Entropy and Mass Bounds of Kerr-de Sitter Spacetimes

TL;DR

This paper analyzes Kerr-de Sitter spacetimes, evaluating their mass, entropy, and angular momentum, and tests various conjectures about their properties, revealing insights into their thermodynamics and the behavior of the c-function.

Contribution

It provides a detailed evaluation of mass, angular momentum, and entropy in Kerr-de Sitter spacetimes and tests the maximal mass conjecture and its strengthening.

Findings

Entropy of Kerr-de Sitter is less than pure de Sitter, consistent with the entropic N-bound.

Maximal mass conjecture holds for Kerr-de Sitter with rotation.

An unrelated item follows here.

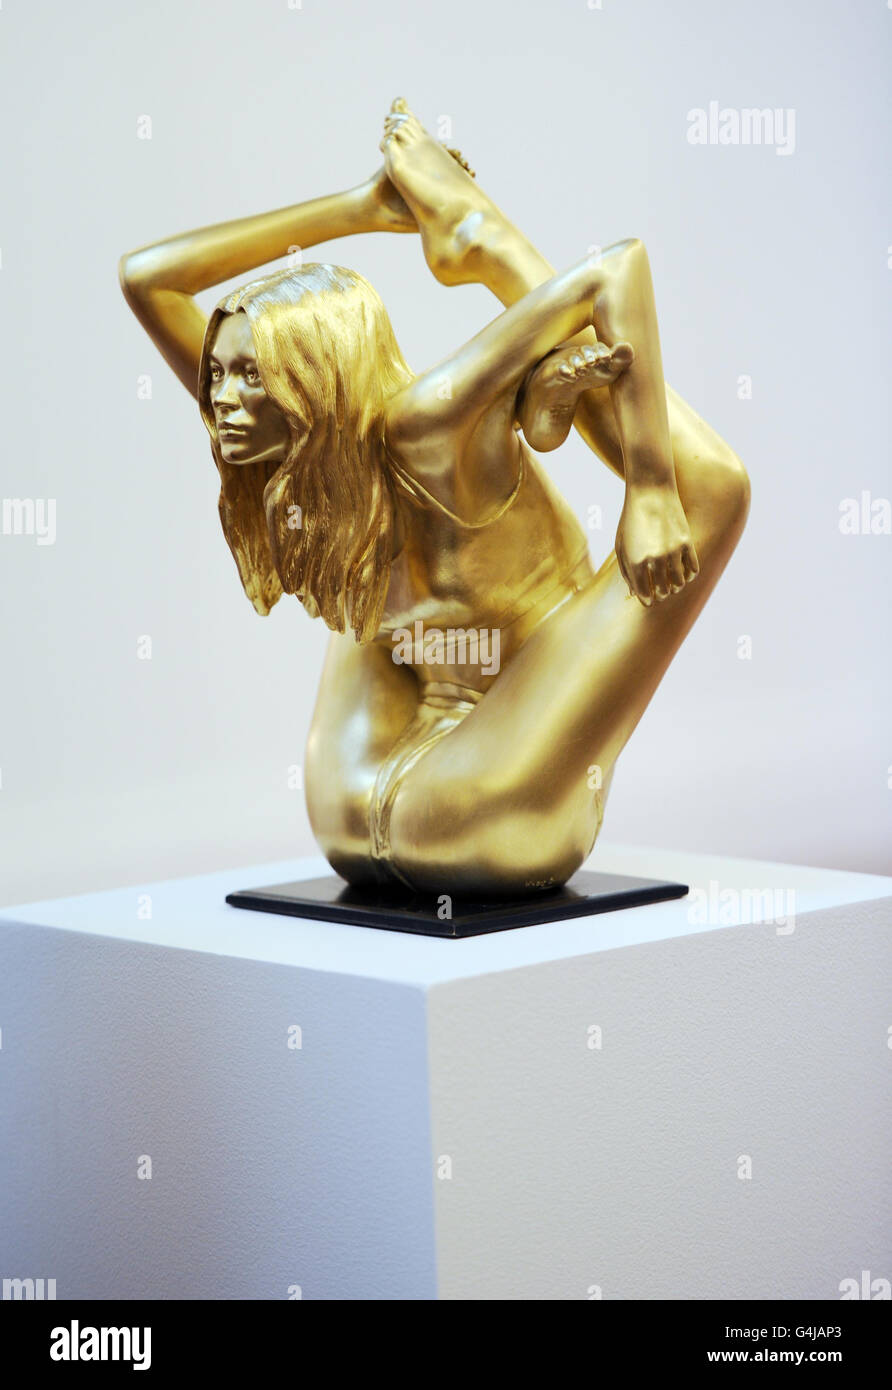 A sculpture of Kate Moss in a yoga pose entitled 'siren' by Marc Quinn, on display at Sotheby's London, as part of their upcoming salesof Impressionist, Modern, Contemporary and 20th Century Italian Art. Stock Photo

The c-function is anisotropic but averages to a RG flow consistent with spacetime expansion.

Abstract

We consider Kerr-de Sitter spacetimes and evaluate their mass, angular momentum and entropy according to the boundary counterterm prescription. We provide a physicall interpretation for angular velocity and angular momentum at future/past infinity. We show that the entropy of the four-dimensional Kerr-de Sitter spacetimes is less than of pure de Sitter spacetime in agreement to the entropic N-bound. Moreover, we show that maximal mass conjecture which states any asymptotically de Sitter spacetime with mass greater than de Sitter has a cosmological singularity is respected by asymptotically de Sitter spacetimes with rotation. We furthermore consider the possibility of strengthening the conjecture to state that any asymptotically dS spacetime will have mass greater than dS if and only if it has a cosmological singularity and find that Kerr-de Sitter spacetimes do not respect this stronger statement. We investigate the behavior of the c-function for the Kerr-de Sitter spacetimes and show that it is no longer isotropic. However an average of the c-function over the angular variables yields a renormalization group flow in agreement with the expansion of spacetime at future infinity.